Records excerpted from a collection:
- - -

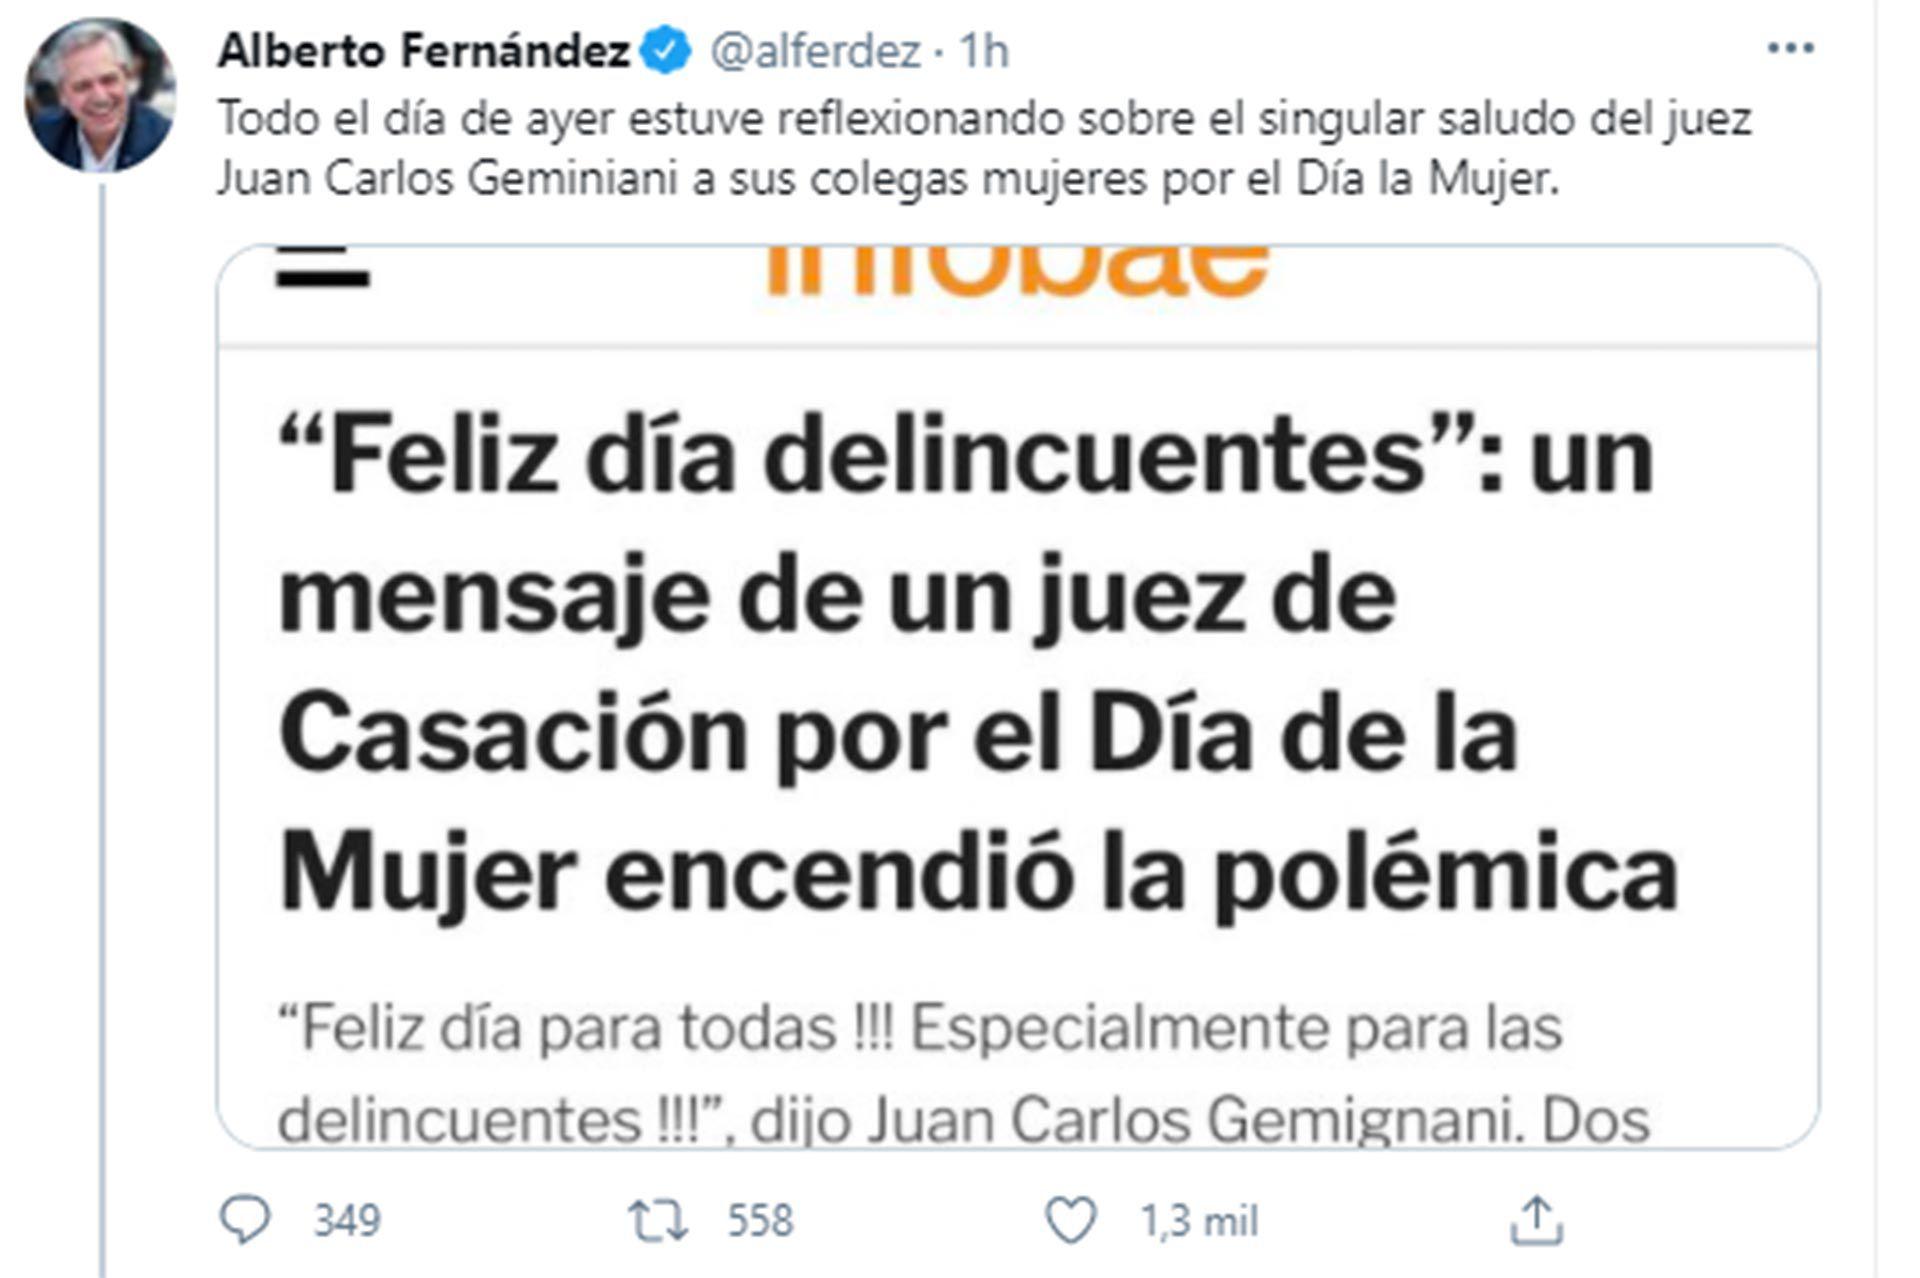 Alberto Fernández sobre juez geminani
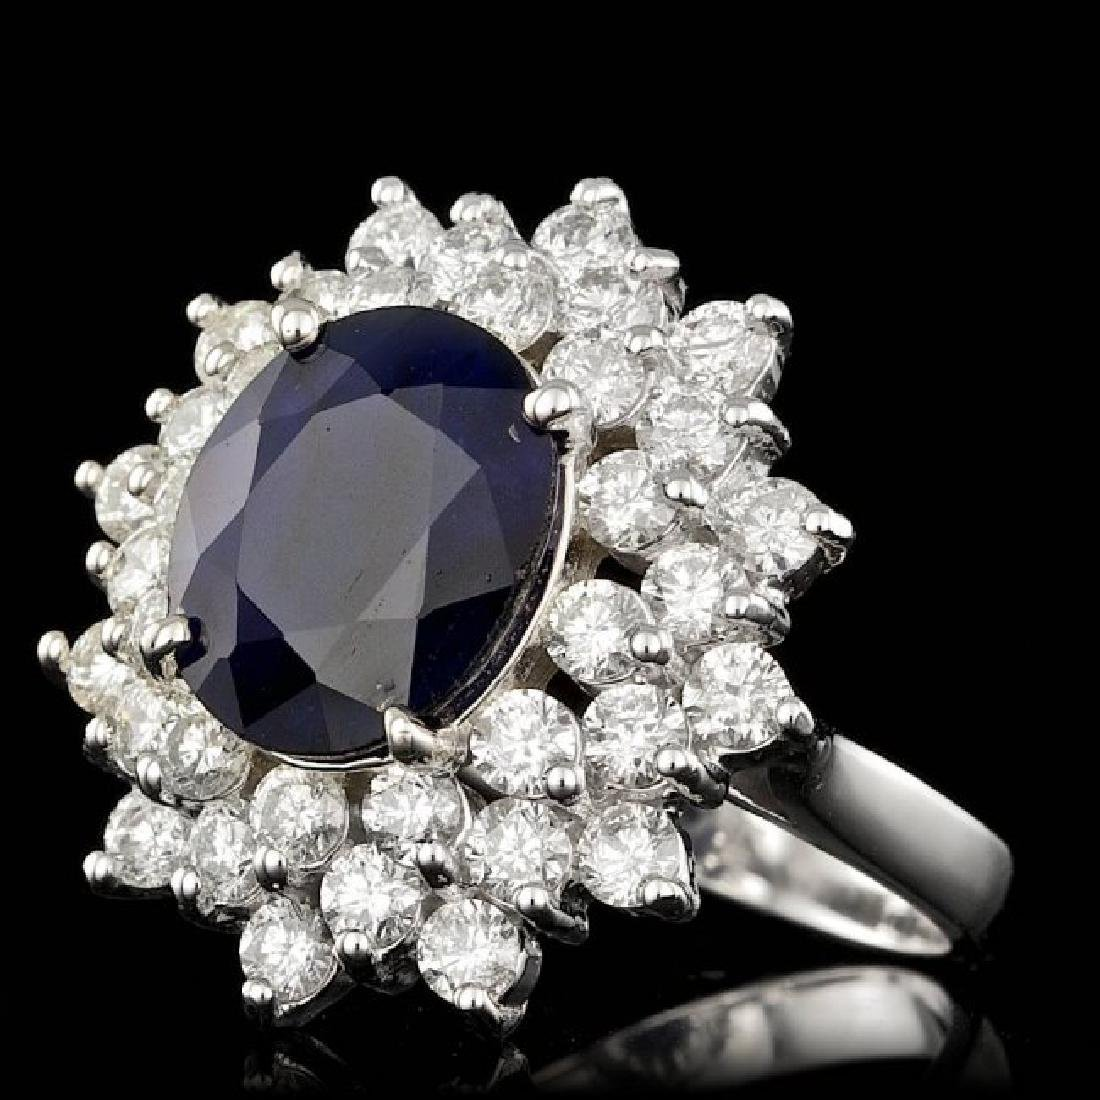 14k Gold 4.00ct Sapphire 2.00ct Diamond Ring - 2
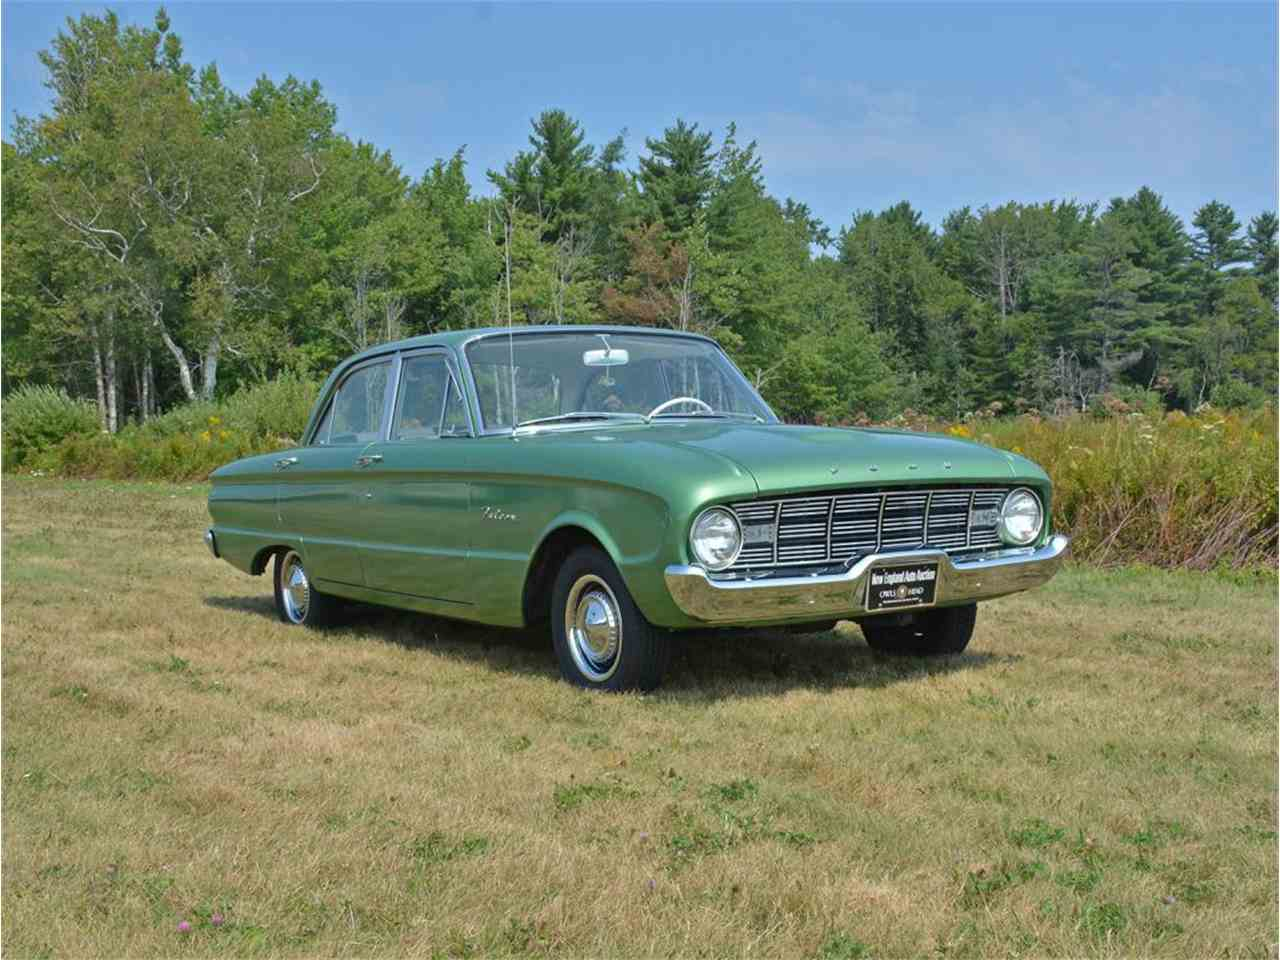 1960 Ford Falcon for Sale | ClassicCars.com | CC-885356
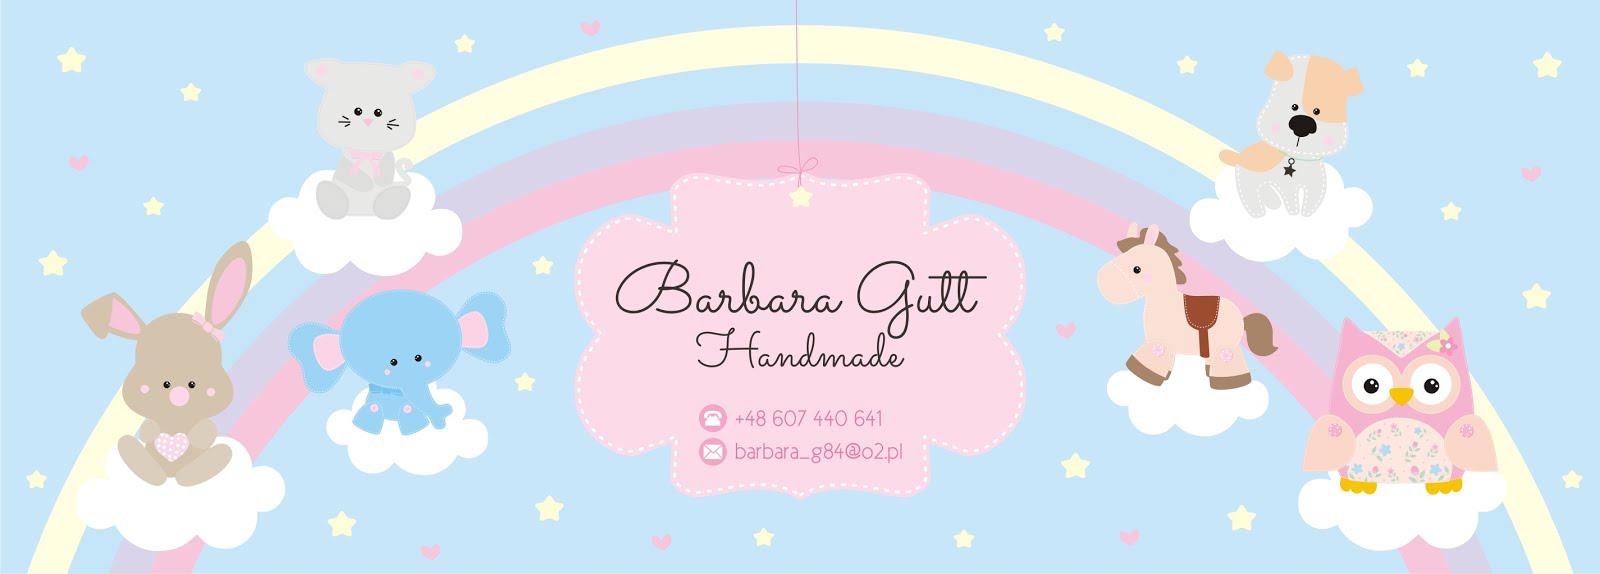 Barbara handmade
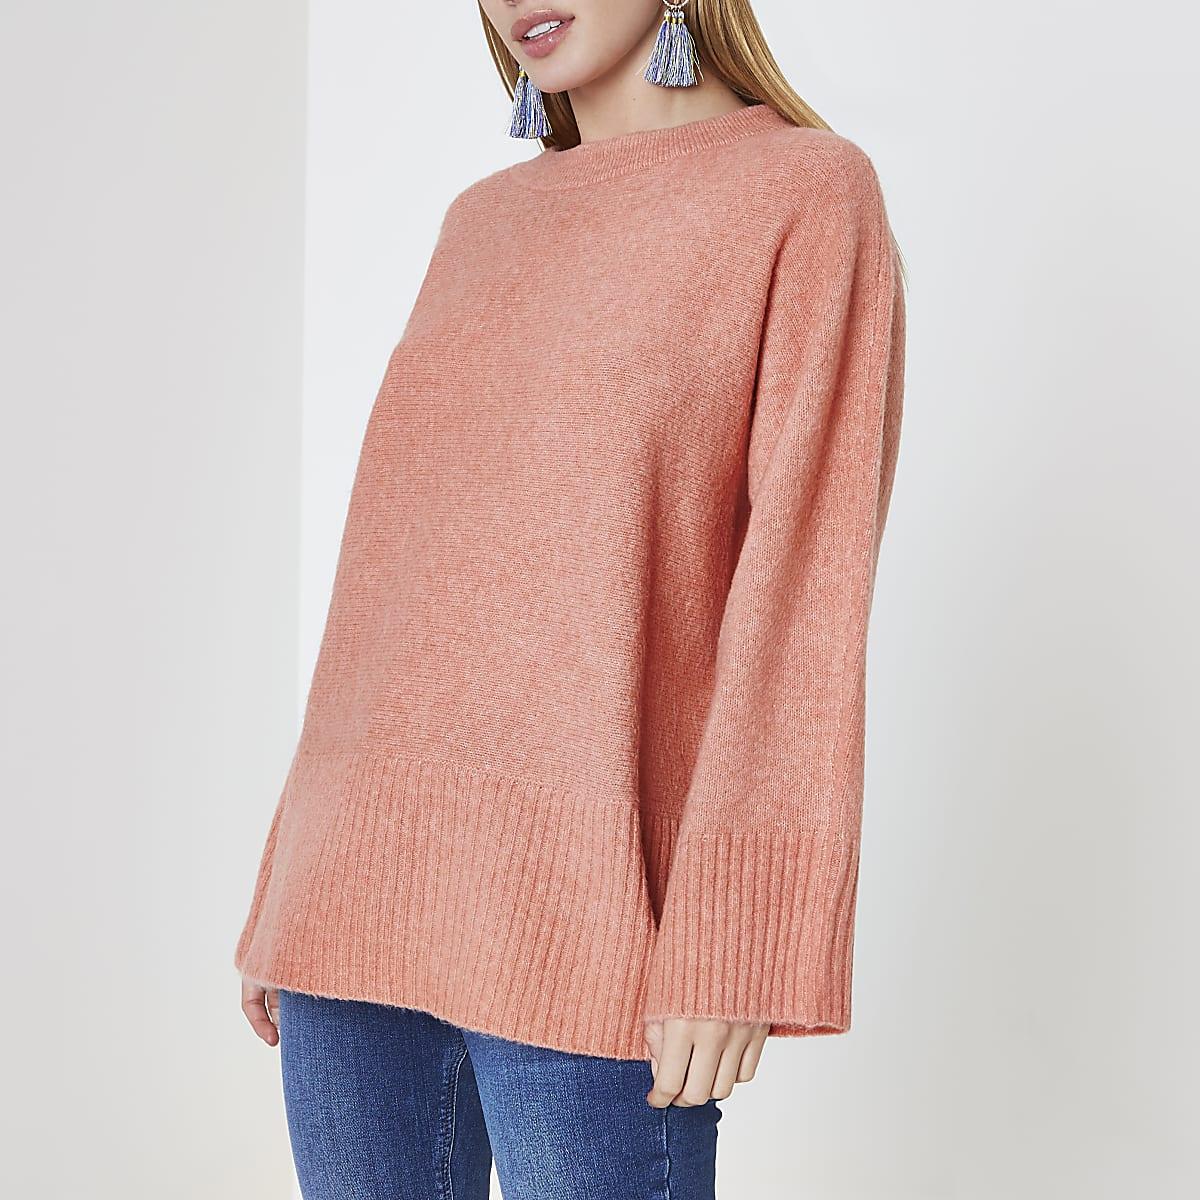 Petite orange tie back sweater
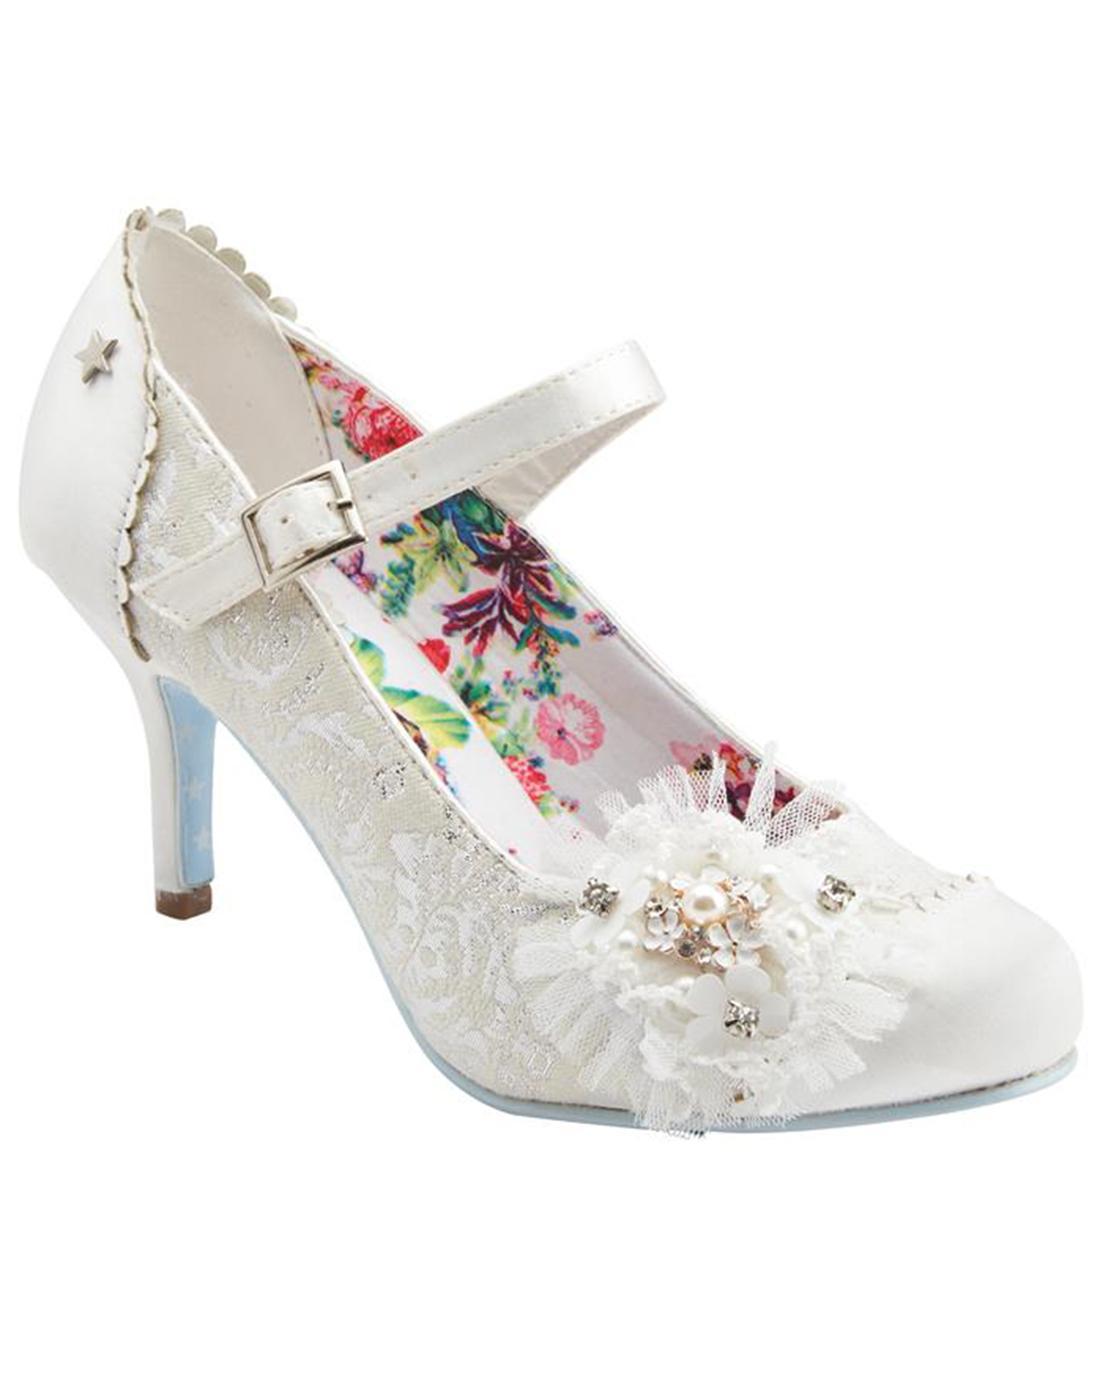 Hitched JOE BROWNS Vintage Bridal Court Shoes

- - -

:: Task brief ::
A word-for-word repeat is expected of the lines from the one with "Petite orange tie back sweater" to the end of the data, both included; pictures are not part of it.

:: Your solution ::
 Petite orange tie back sweater
 Hitched JOE BROWNS Vintage Bridal Court Shoes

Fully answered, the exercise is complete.